Media Kampung – Musim kemarau yang ditandai dengan lonjakan suhu dan minimnya curah hujan meningkatkan risiko Infeksi Saluran Pernapasan Akut (ISPA). Udara panas dan kering menyebabkan dehidrasi yang membuat selaput lendir saluran pernapasan mengering, sehingga fungsinya sebagai penyaring bakteri, virus, dan polutan menurun.
Dokter Spesialis Anak Subspesialis Respirologi dari RSUPN Dr. Cipto Mangunkusumo, Dr. dr. Nastiti Kaswandani, Sp.A, Subsp.Resp, mengingatkan bahwa kondisi ini membuat masyarakat lebih rentan terhadap ISPA. Selain itu, debu dan polutan yang beterbangan saat kemarau serta perubahan suhu ekstrem antara siang dan malam dapat menurunkan daya tahan tubuh.
Untuk mengurangi risiko gangguan pernapasan selama musim kemarau, berikut lima langkah pencegahan yang dapat dilakukan:
- Pantau Indeks Kualitas Udara (AQI) – Gunakan aplikasi pemantau kualitas udara untuk mengetahui kondisi lingkungan sekitar.
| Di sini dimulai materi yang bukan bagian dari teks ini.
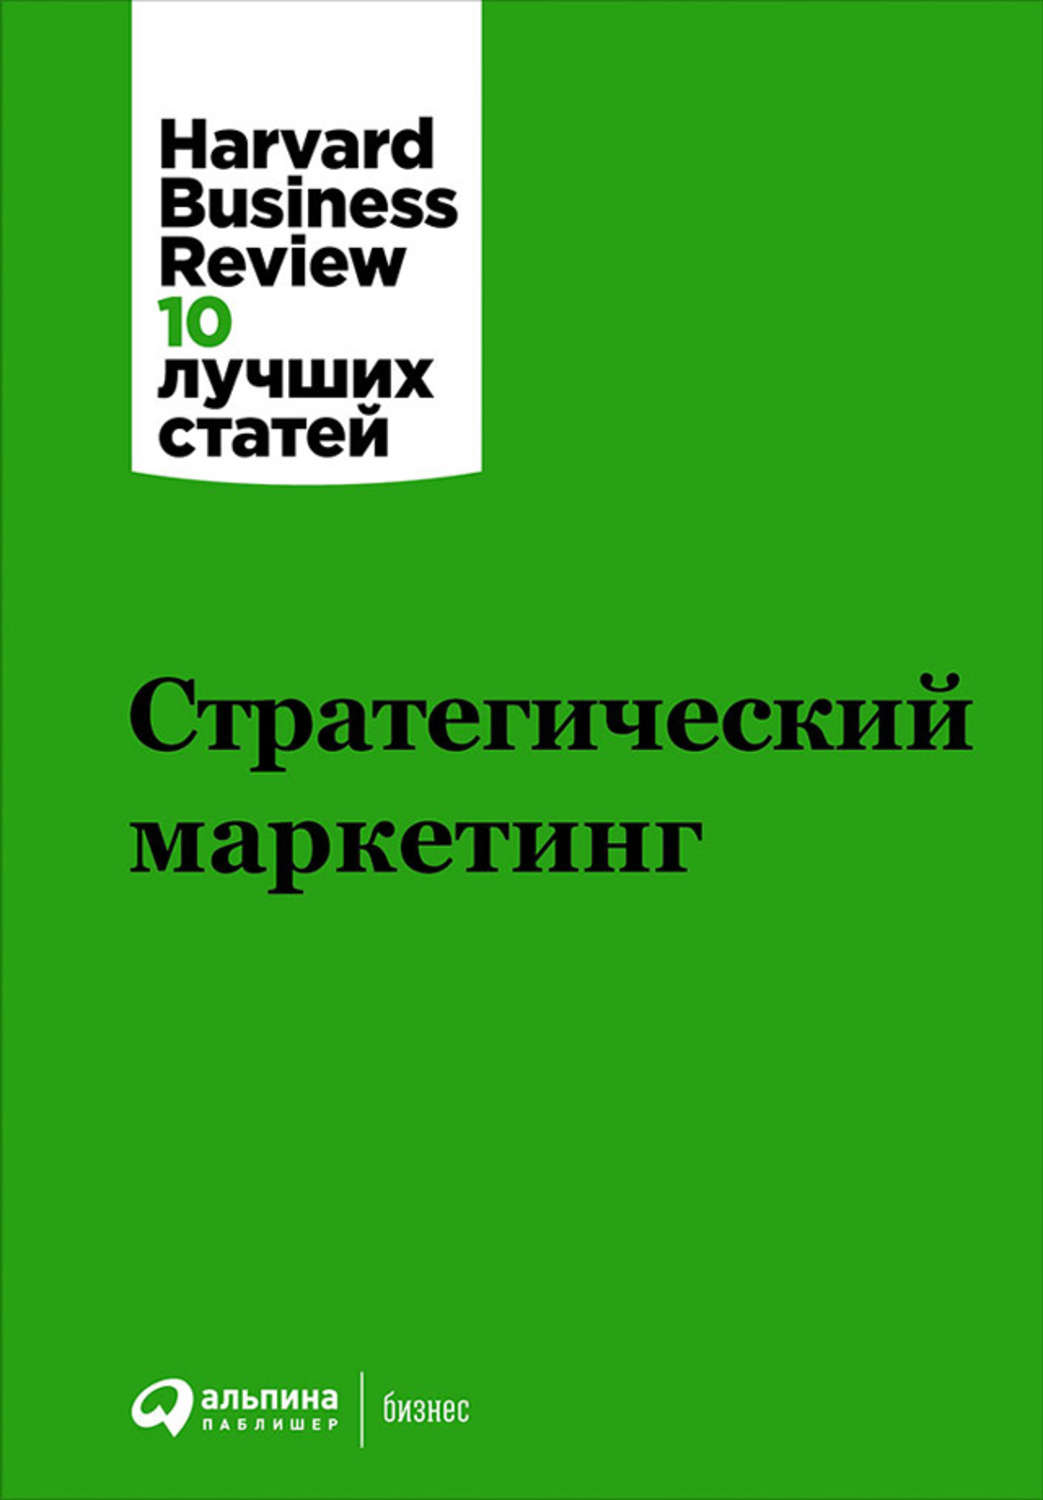 Стратегический маркетинг / Harvard Business Review / Москва: Альпина Паблишер, 2022.

Jika kualitas udara memburuk, batasi aktivitas di luar ruangan atau gunakan masker saat terpaksa keluar.
- Perbanyak Konsumsi Cairan – Minum air putih yang cukup untuk mencegah dehidrasi dan menjaga kelembapan selaput lendir saluran pernapasan.
- Gunakan Masker – Saat berada di luar rumah, terutama di area berdebu atau polutan tinggi, gunakan masker untuk melindungi saluran pernapasan dari partikel berbahaya.
- Hindari Perubahan Suhu Ekstrem – Kenakan pakaian yang sesuai dan jaga tubuh tetap hangat saat malam hari untuk mempertahankan daya tahan tubuh.
- Tingkatkan Imun Tubuh – Konsumsi makanan bergizi, cukup istirahat, dan hindari stres agar sistem kekebalan tubuh tetap optimal dalam melawan infeksi.
Dengan menerapkan langkah-langkah tersebut, masyarakat dapat meminimalkan risiko terkena ISPA selama musim kemarau yang rawan terhadap gangguan pernapasan.